Maintenance Software Information
Please let me introduce myself, most of you know me as Mac Smith, but you may also recognize me as Anthony M. Smith, author of the McGraw Hill book titled Reliability-Centered Maintenance. I've been in the RCM business now for some 16 years, and over that time have had the privilege of working with hundreds of craft personnel and maintenance professionals from a host of Fortune 500 companies, as well as NASA and DOD.
The purpose of this column is to share with you some of my experiences and views on RCM and maintenance issues, and to receive your comments or questions that may be of interest to the maintenance community. In future columns, I intend to comment on topics such as the 80/20 rule, classical vs. streamlined RCM, failure mode and failure cause confusions, hidden vs. evident failure, the difference between failure finding and run-to-failure, selecting PM intervals and other such topics. I'd like to hear from you on topics that should be considered for future columns.

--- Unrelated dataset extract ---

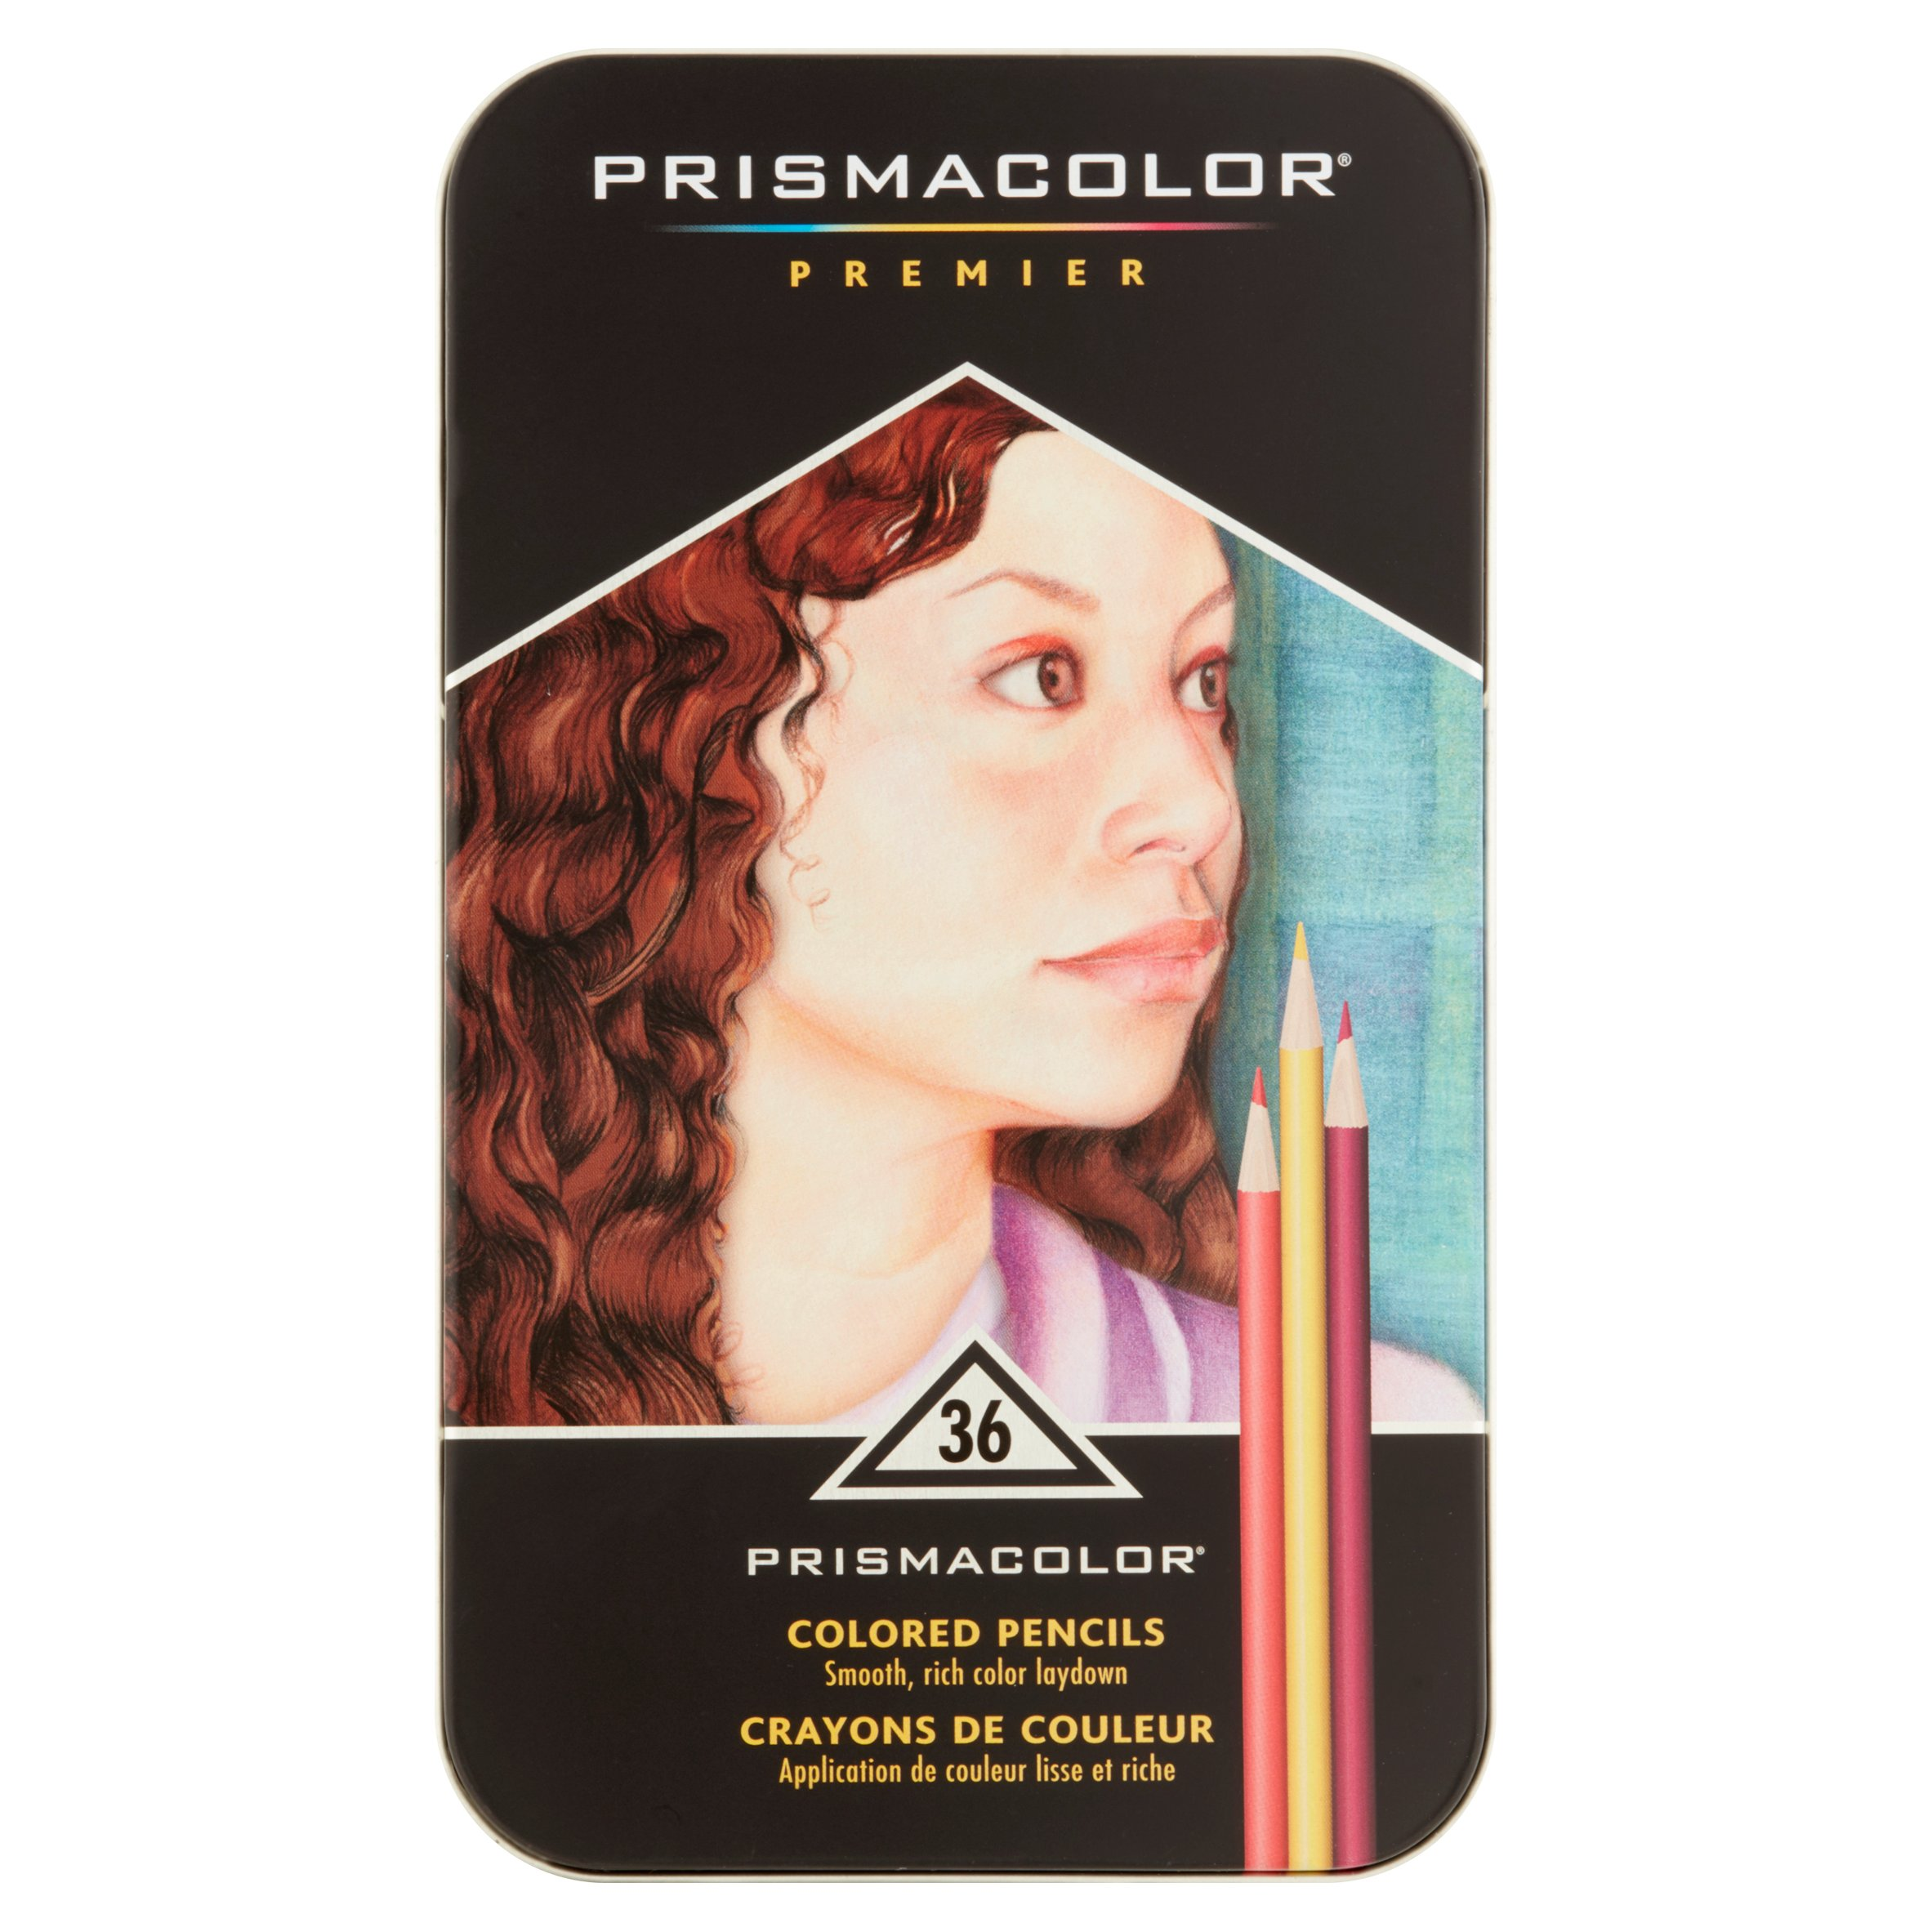 070735928856 Upc Prismacolor Premier Colored Pencil Set Of 36 Upc Lookup
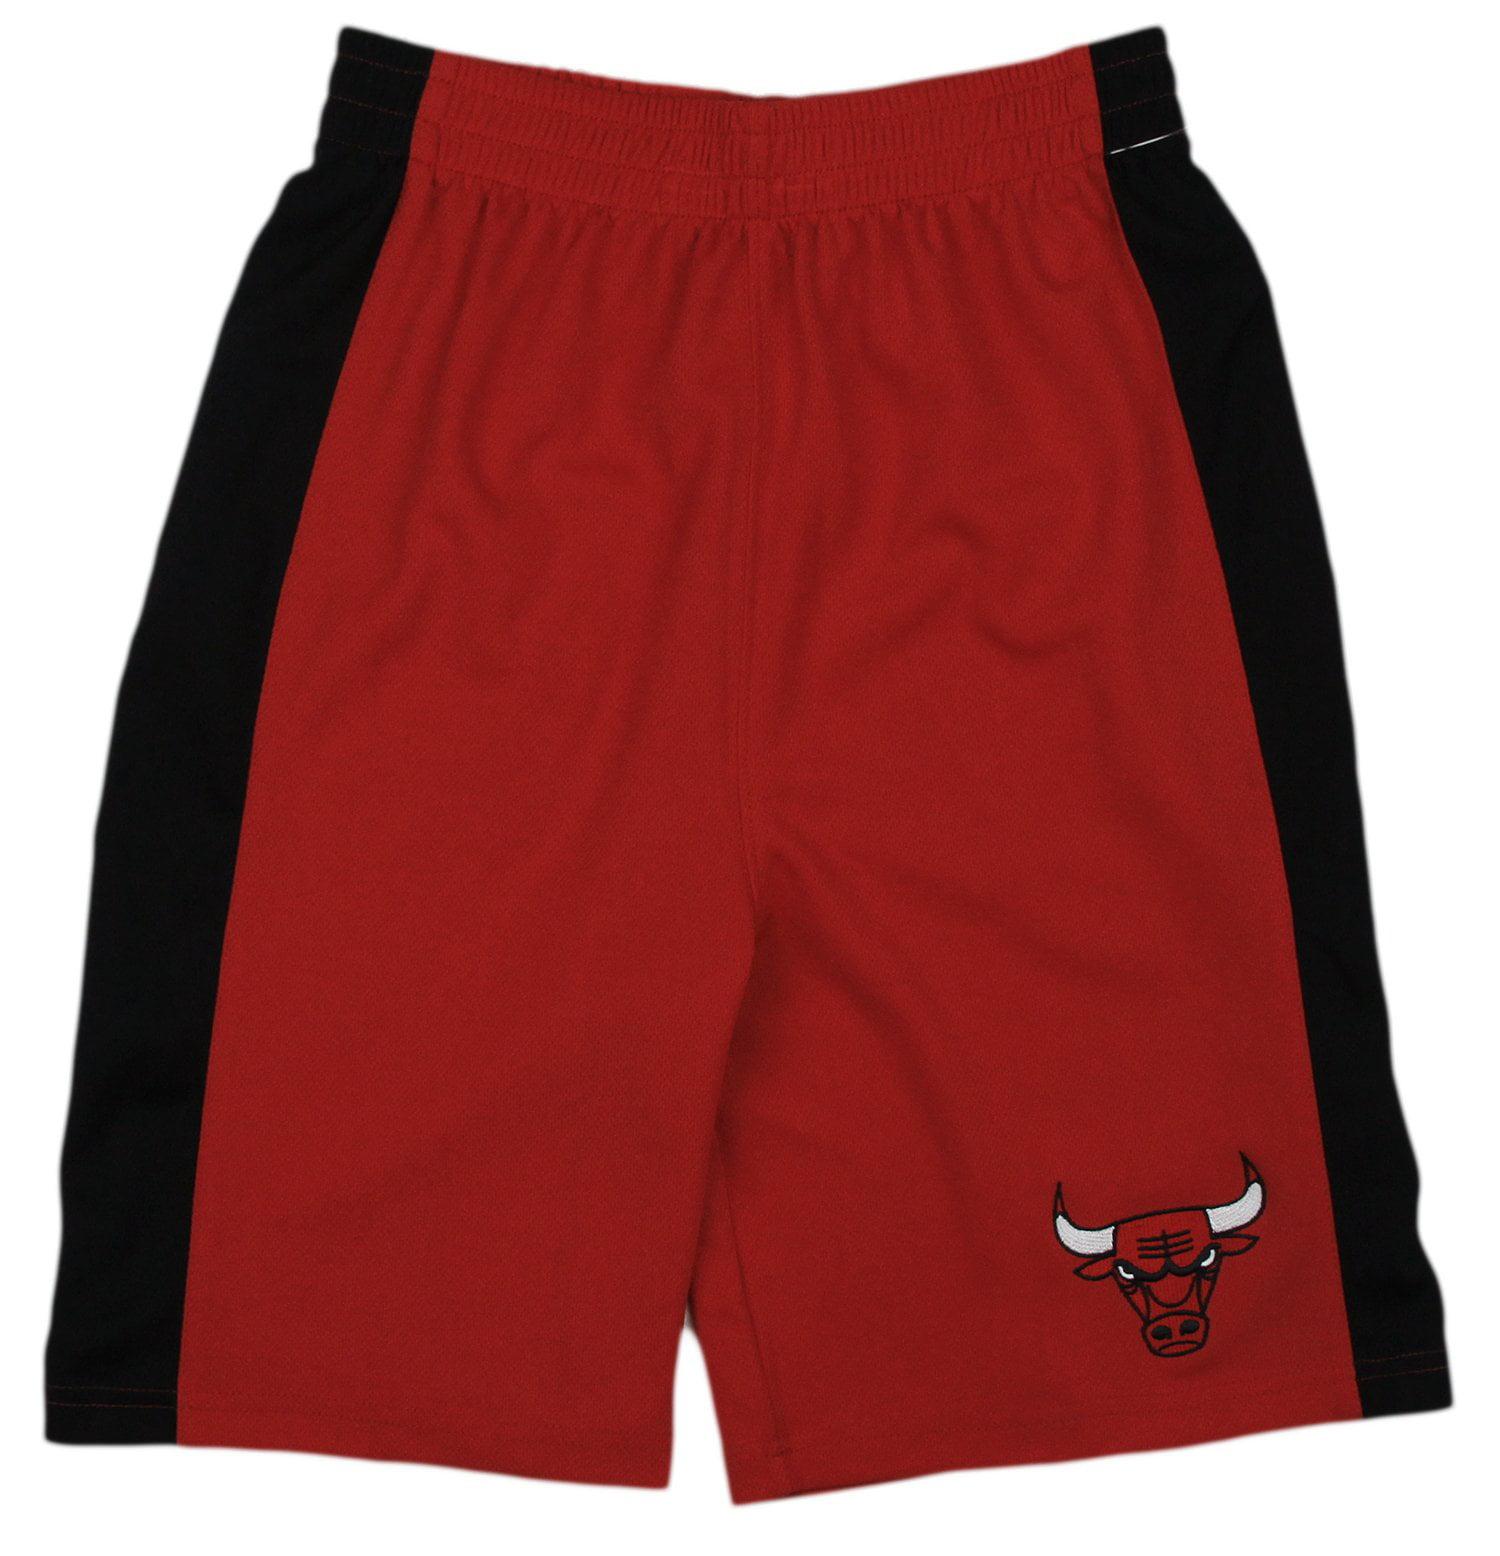 NBA Basketball Kids / Youth Chicago Bulls Team Shorts - Red

Some Terminology Clarifications
In the RCM process, Step 5, we examine failure modes, failure causes and failure effects in great detail in order to ascertain their link to loss of function and to define the priority with which each failure mode should be addressed for some form of PM action. Without a clear understanding of the above terminology, the analysis not only becomes confusing, but can also lead to decisions that are incorrect. The purpose of this column is to clarify these terms.
Preventive Maintenance (PM) deals with scheduled activities that are generally aimed at avoiding unexpected failures in our equipment. For as long as I can recall (some 46 active years in the engineering profession), there have been varying degrees of confusion about what people mean when they use terminology that involves the word "failure", and this confusion frequently carries over into discussions about maintenance and RCM decisions.
Let¹s start with a very basic notion: what do we mean by "failure"? Since this is a very unpleasant word in some industry vocabularies, we often find several substitute words employed since they tend to sound less threatening or less severe (e.g., anomaly, defect, discrepancy, irregularity, etc.). Of course, some of these words have their own meaning quite apart from their use as a substitute for failure. Furthermore, this then creates its own avenue of confusion, But how often do you hear people discuss (even argue) about the definition of a failure? The spectrum of interpretations runs from a negligible glitch to an absolutely catastrophic occurrence. Might I suggest that the meaning is really quite simple: a failure is the inability of an equipment, system or plant to meet its expected performance. This expectation is always spelled out in a Specification in our engineering world, and when properly written, leaves no doubt as to exactly where the limits of satisfactory performance reside. So, failure is the inability to meet Specifications. Simple enough, I believe, to avoid much of the initial confusion.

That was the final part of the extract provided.